Limbic encephalitis is a form of autoimmune encephalitis that is characterized by inflammation of the brain. 

What is the Pathology of Limbic Encephalitis?

Etiology: The cause of Limbic Encephalitis with an autoimmune reaction. 

Pathogenesis: The pathological changes of paraneoplastic limbic encephalitis are usually related to loss of neurons with reactive gliosis, perivascular lymphocytic cuffing, and microglial proliferation.  

Histology: The histology associated with Limbic Encephalitis shows multiple areas of micro-softening in the cerebral cortex which are distributed in the limbic and non-limbic areas with lymphocytic infiltration in the intraparenchymal vessels. 

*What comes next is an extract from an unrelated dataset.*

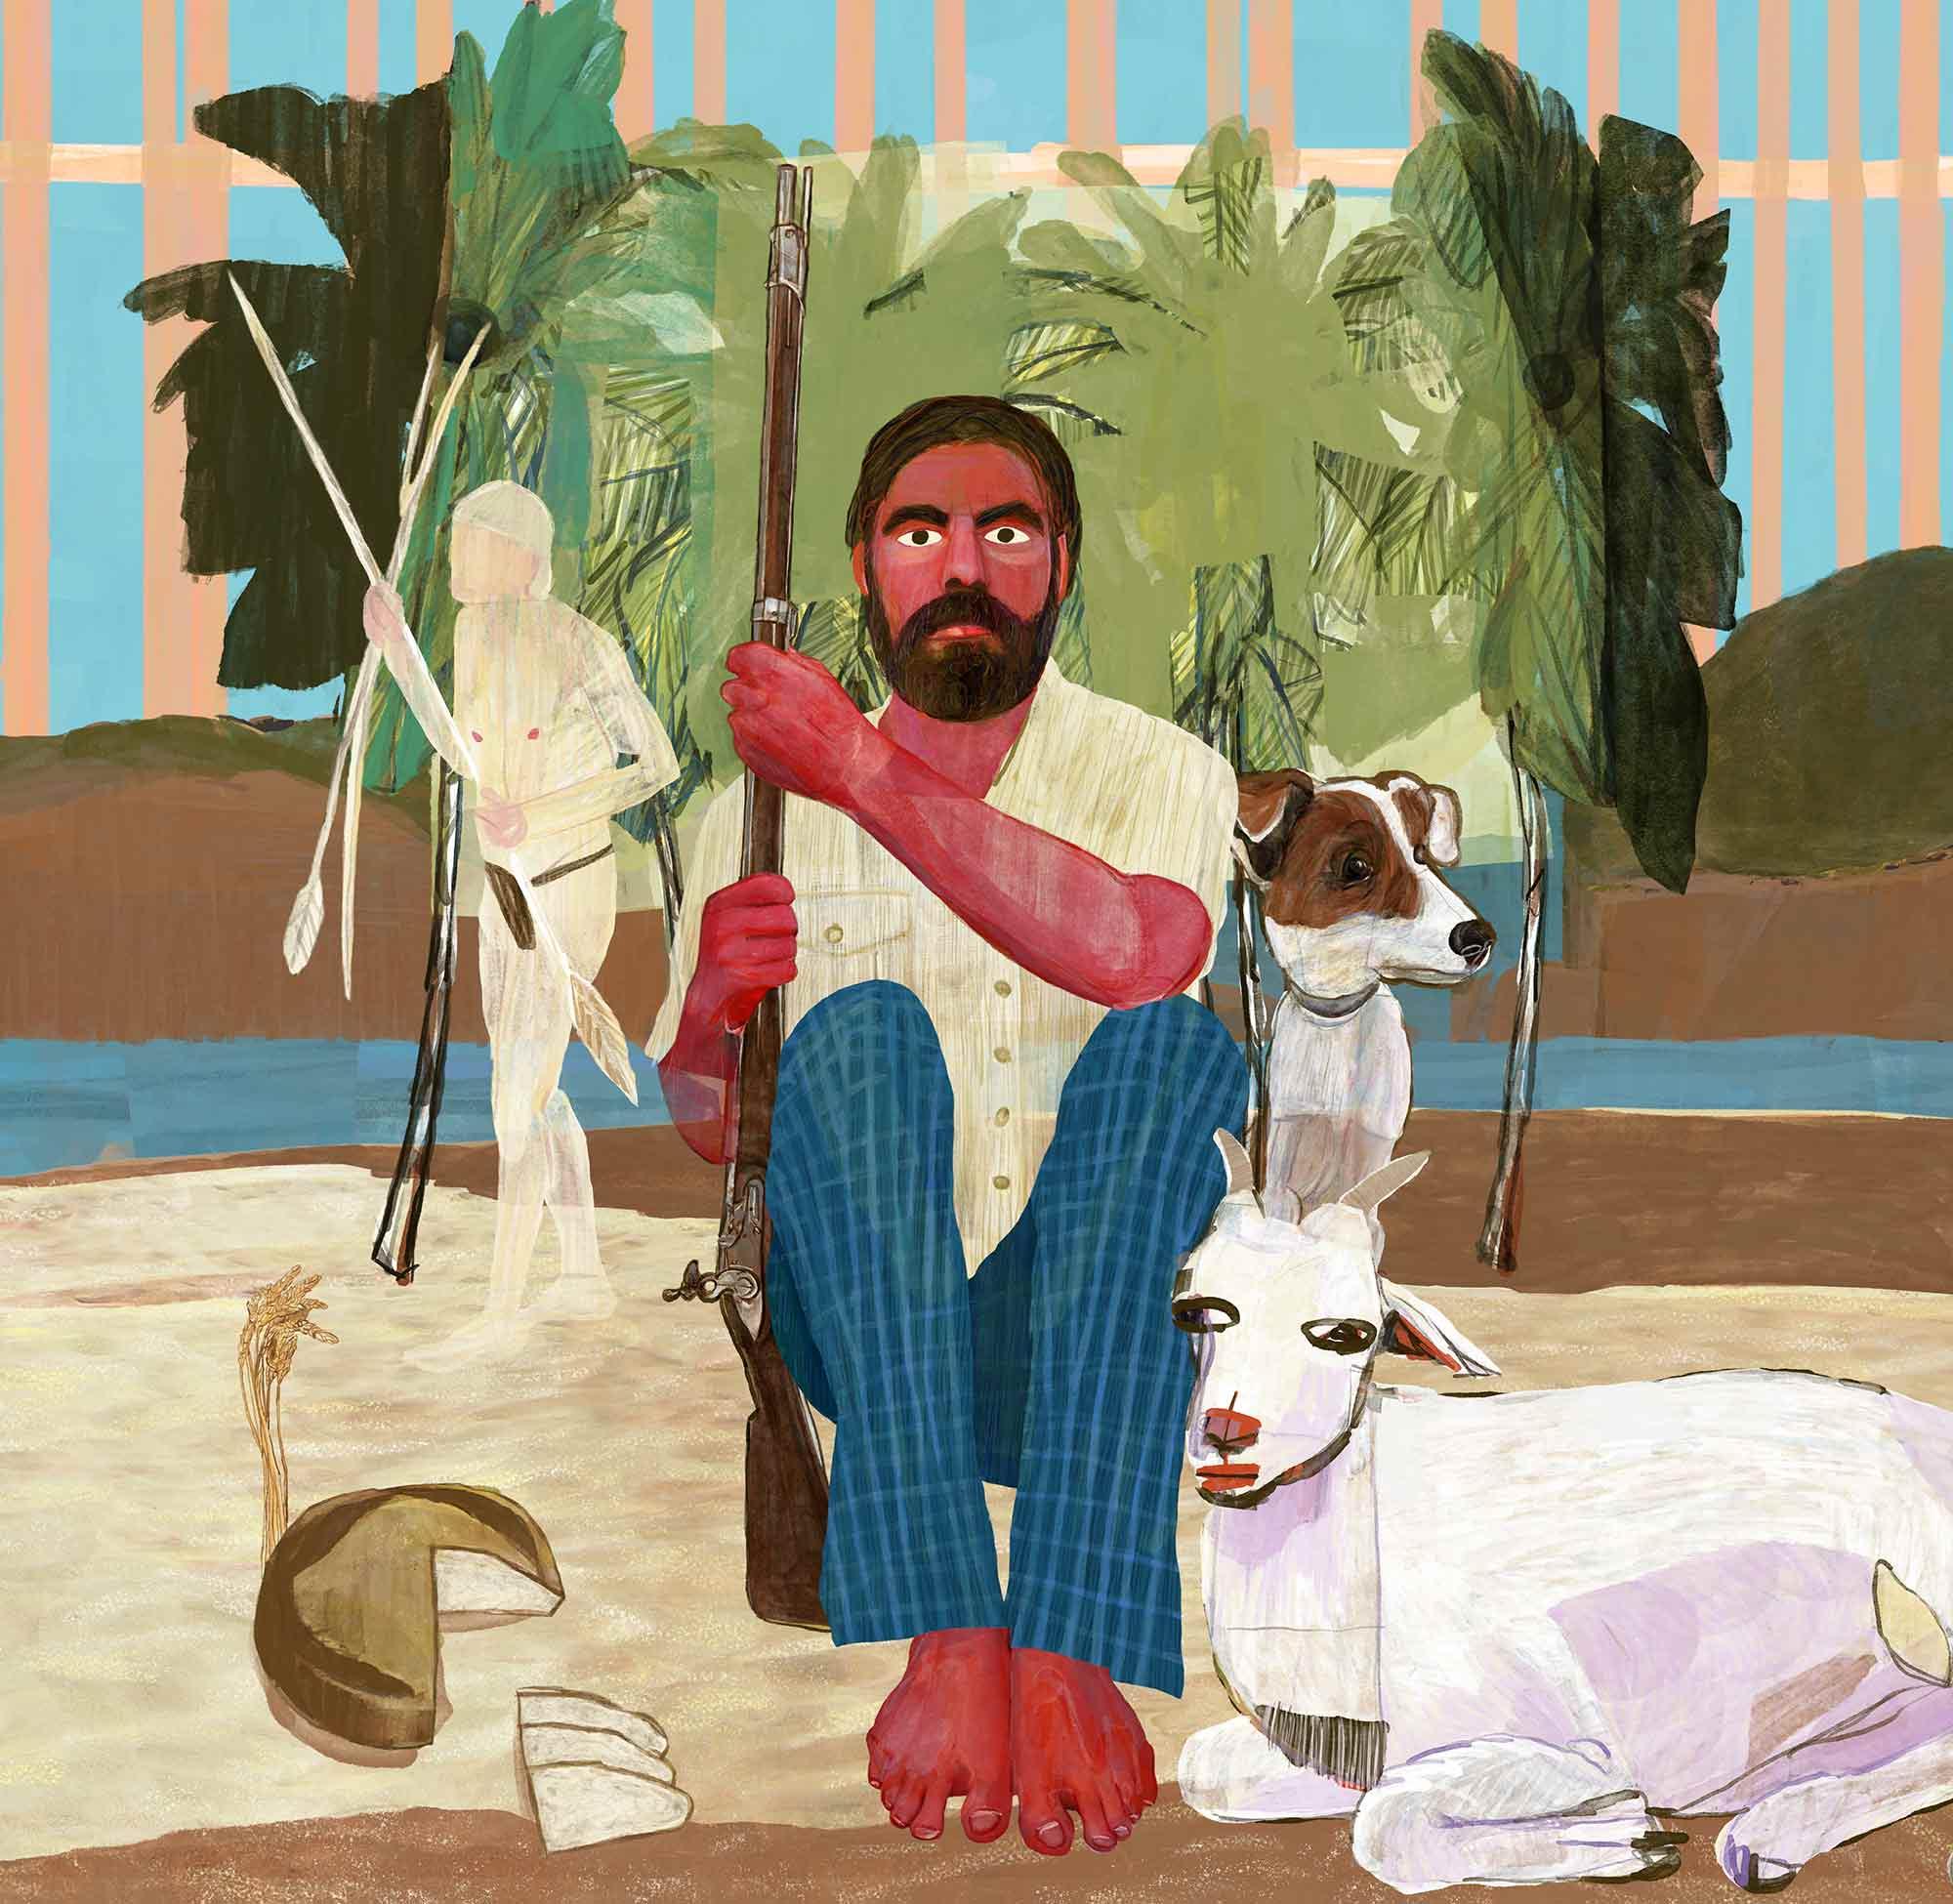 Mario Jodra illustration Art - The life and adventures of Robinson Crusoe by Daniel Defoe.

How does Limbic Encephalitis Present?

Patients with limbic encephalitis are predominantly males and age range is 40-45 years. The symptoms, features, and clinical findings associated with Limbic Encephalitis include personality changes, depression, irritability, memory loss, and seizures. 

How is Limbic Encephalitis Diagnosed?

Limbic Encephalitis is diagnosed by clinical exam, and blood tests. 

How is Limbic Encephalitis Treated?

Limbic Encephalitis is treated by surgical removal of any tumors that mey be present, chemotherapy if indicated, and supportive care. 

What is the Prognosis of Limbic Encephalitis?

The prognosis of limbic encephalitis is fair.

What are Metastatic Tumors?

Metastatic tumors are tumors that spread to other parts of the body. Metastatic tumors that affect the central nervous system are typically carcinomas, but may originate from many different malignancies.